中国から来た農業視察団の通訳・楊君里という女性が深夜のタクシーで謎の服毒死を遂げた。捜査に当たった棟居刑事は、彼女の経歴に第二次大戦中、中国東北部で暗躍した日本軍の秘密部隊との関わりを知り、関係者に当たっていく。それは、今なお贖罪されたことのない、日本軍の暗部を知ることであった…。
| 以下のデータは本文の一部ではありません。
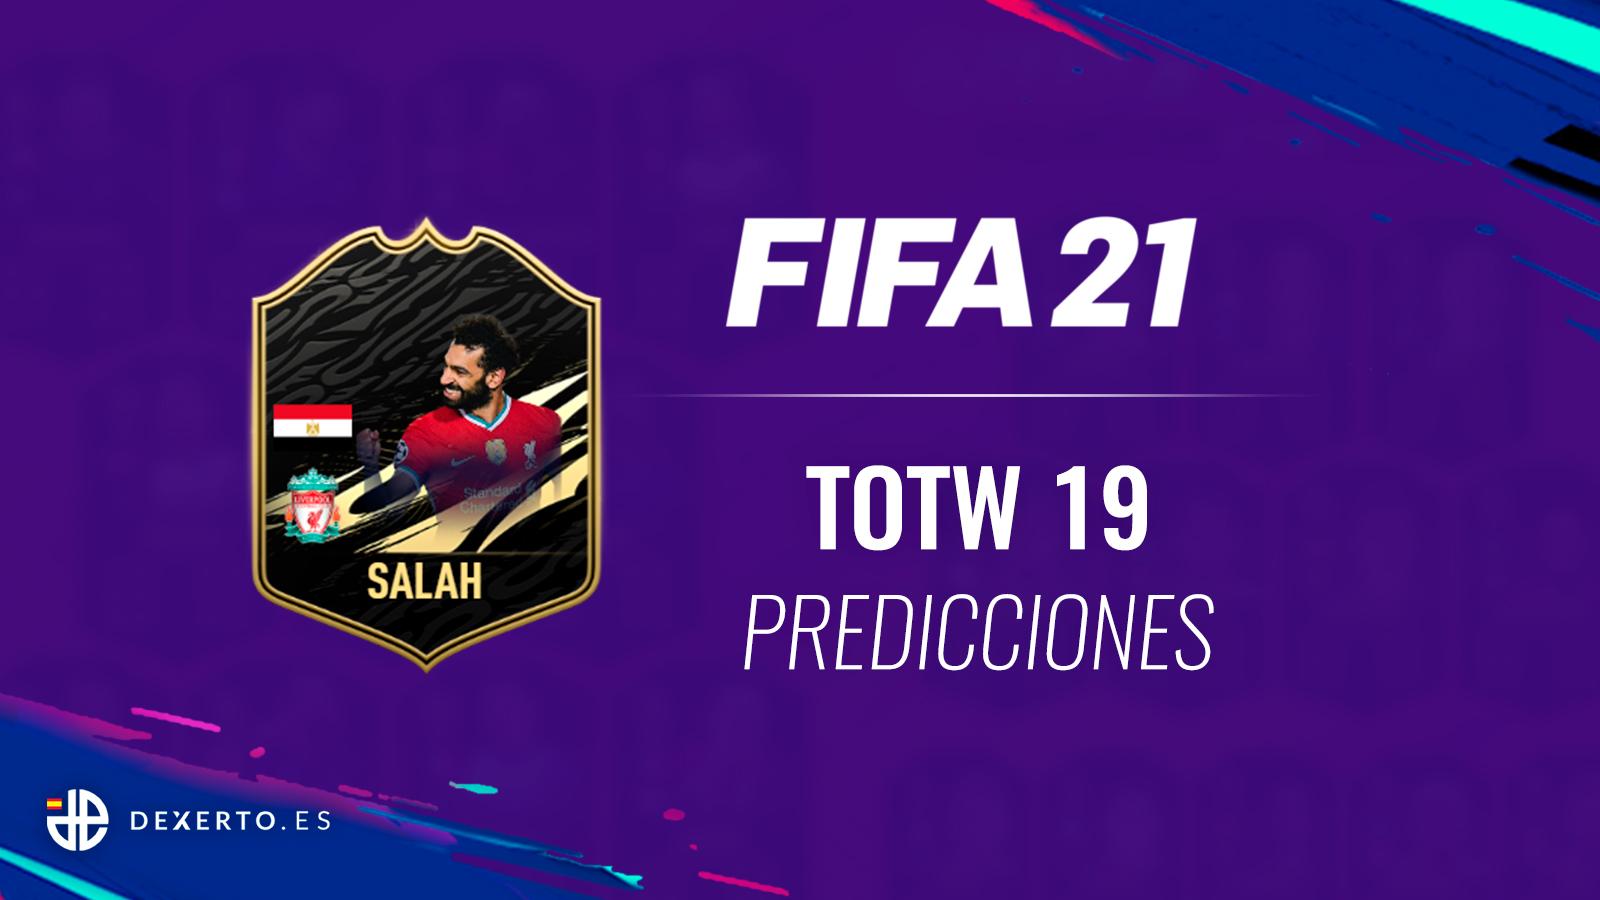 Salah FIFA 21 TOTW 19 Predicciones

ということで、棟居刑事が1人、また1人と関係者を捜し出し、そこから次の証言につながる細い糸をたぐっていく様が上巻の展開。切れたように見えた糸が関係者からの電話でまたつながったりして、1つ1つの事実が明らかになっていく。それらは、単純に楊君里と、その直後に亡くなった奥山という老人の死に関わっていくものではないにしても、戦後、知られてこなかった、闇の中に封印されていた731部隊の実体を明らかにしていく。そういう意味では、まさにこの小説は「悪魔の飽食」と表裏一体の関係にあるわけで、それが小説の謎解きとして明かされていくという展開はすでに「悪魔の飽食」をこれまた何回か読み直した身には知っていることでもあるのだけれど、作中の登場人物の口を借りて語られる構図はより生々しさを伴った残虐さである。

推理小説としては、日本、中国(ただし731部隊関連のみ)、アメリカを股にかけたスケールの大きさはなく、謎解きの快感も薄いのだが、それ以上に重い731部隊の存在、戦後、アメリカがその貴重な実験情報と引き換えに、731部隊幹部たちの戦犯免除を計った事実などを鑑みると、それもまたしょうがないという気もする。